Why does the LLM not use my documents?
Tip: This page is a deep dive on how or why your LLM is not using your documents when asking questions.
Luckily, it's simple to solve for, actually! These ideas extend beyond just AnythingLLM.
We get this question many times a week, where someone is confused, or even upset the LLM does not appear to "just know everything" about the documents that are embedded into a workspace.
So to understand why this occurs we first need to clear up some confusion on how RAG (retrieval augmented generation) works inside of AnythingLLM.
This will not be deeply technical, but once you read this you will be an expert on how traditional RAG works.
LLMs are not omnipotent
Unfortunately, LLMs are not yet sentient and so it is vastly unrealistic with even the most powerful models for the model you are using to just "know what you mean".

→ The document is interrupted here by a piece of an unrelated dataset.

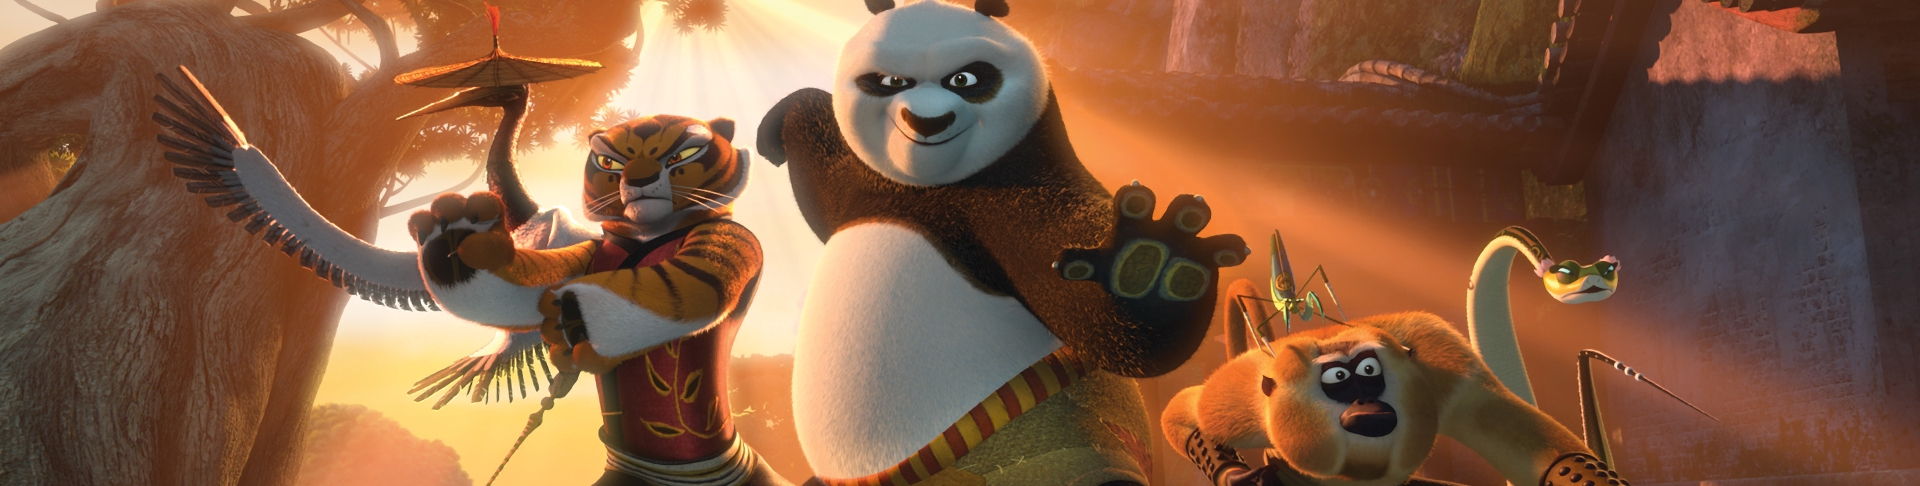 kung fu panda 2 full movie 3gp free download

That being said there are a ton of factors and moving parts that can impact the output and salience of an LLM and even to complicate things further, each factor can impact your output depending on what your specific use case is!
LLMs do not introspect
In AnythingLLM, we do not read your entire filesystem and then report that to the LLM, as it would waste tokens 99% of the time.

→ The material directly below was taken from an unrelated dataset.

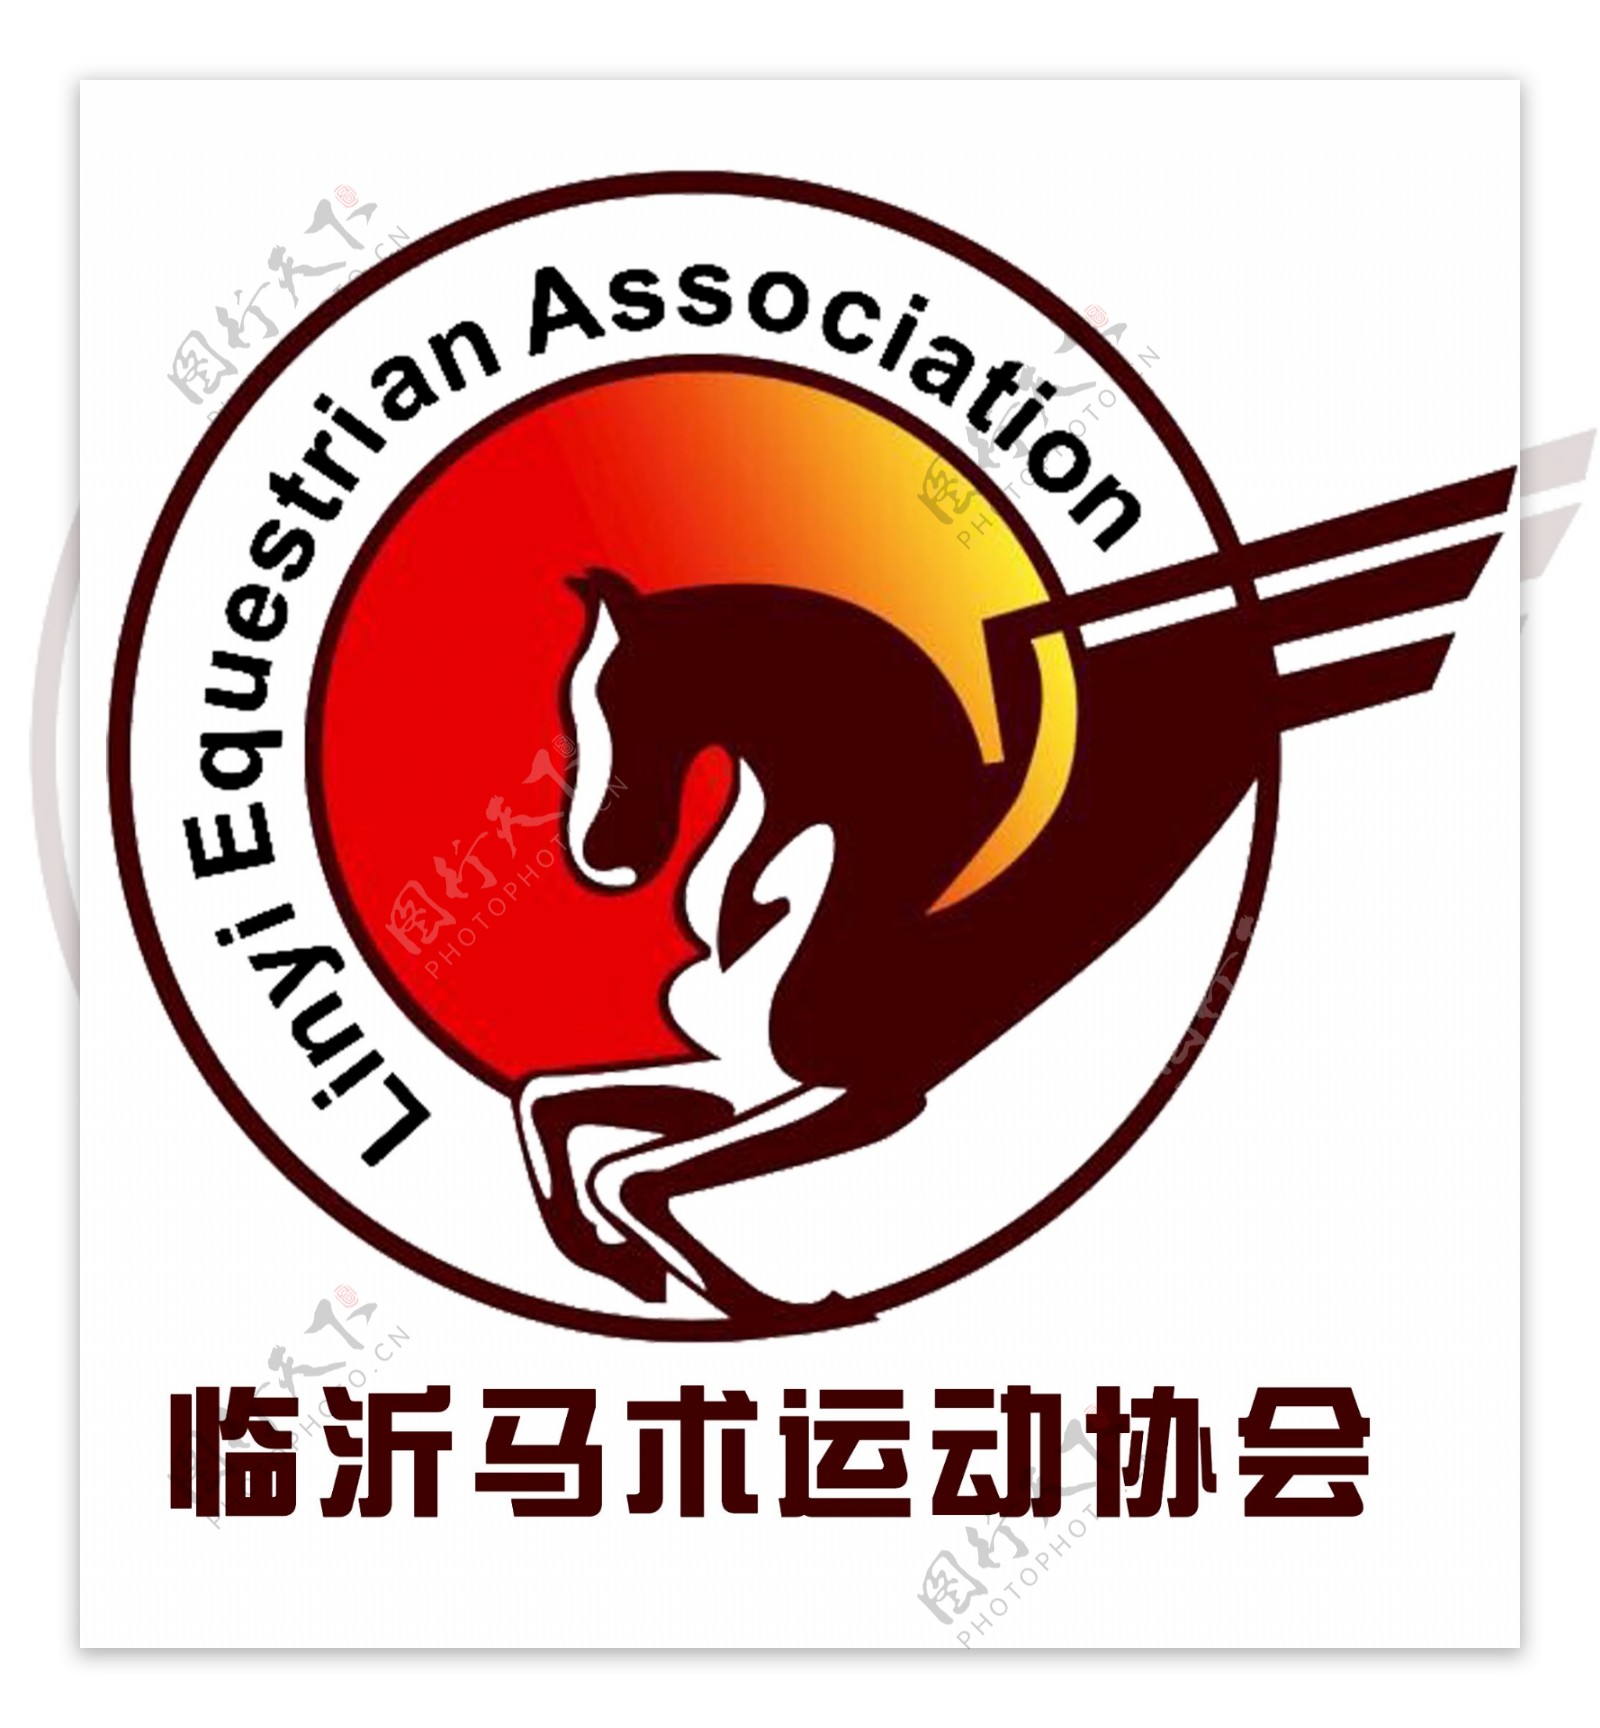 马术运动协会logo

Instead, your query is processed against your vector database of document text and we get back 4-6 text chunks from the documents that are deemed "relevant" to your prompt.
For example, let's say you have a workspace of hundreds of recipes, don't ask "Get me the title of the 3 high-calorie meals". This LLM will outright refuse this! but why?
When you use RAG for document chatbots your entire document text cannot possibly fit in most LLM context windows. Splitting the document into chunks of text and then saving those chunks in a vector database makes it easier to "augment" an LLM's base knowledge with snippets of relevant information based on your query.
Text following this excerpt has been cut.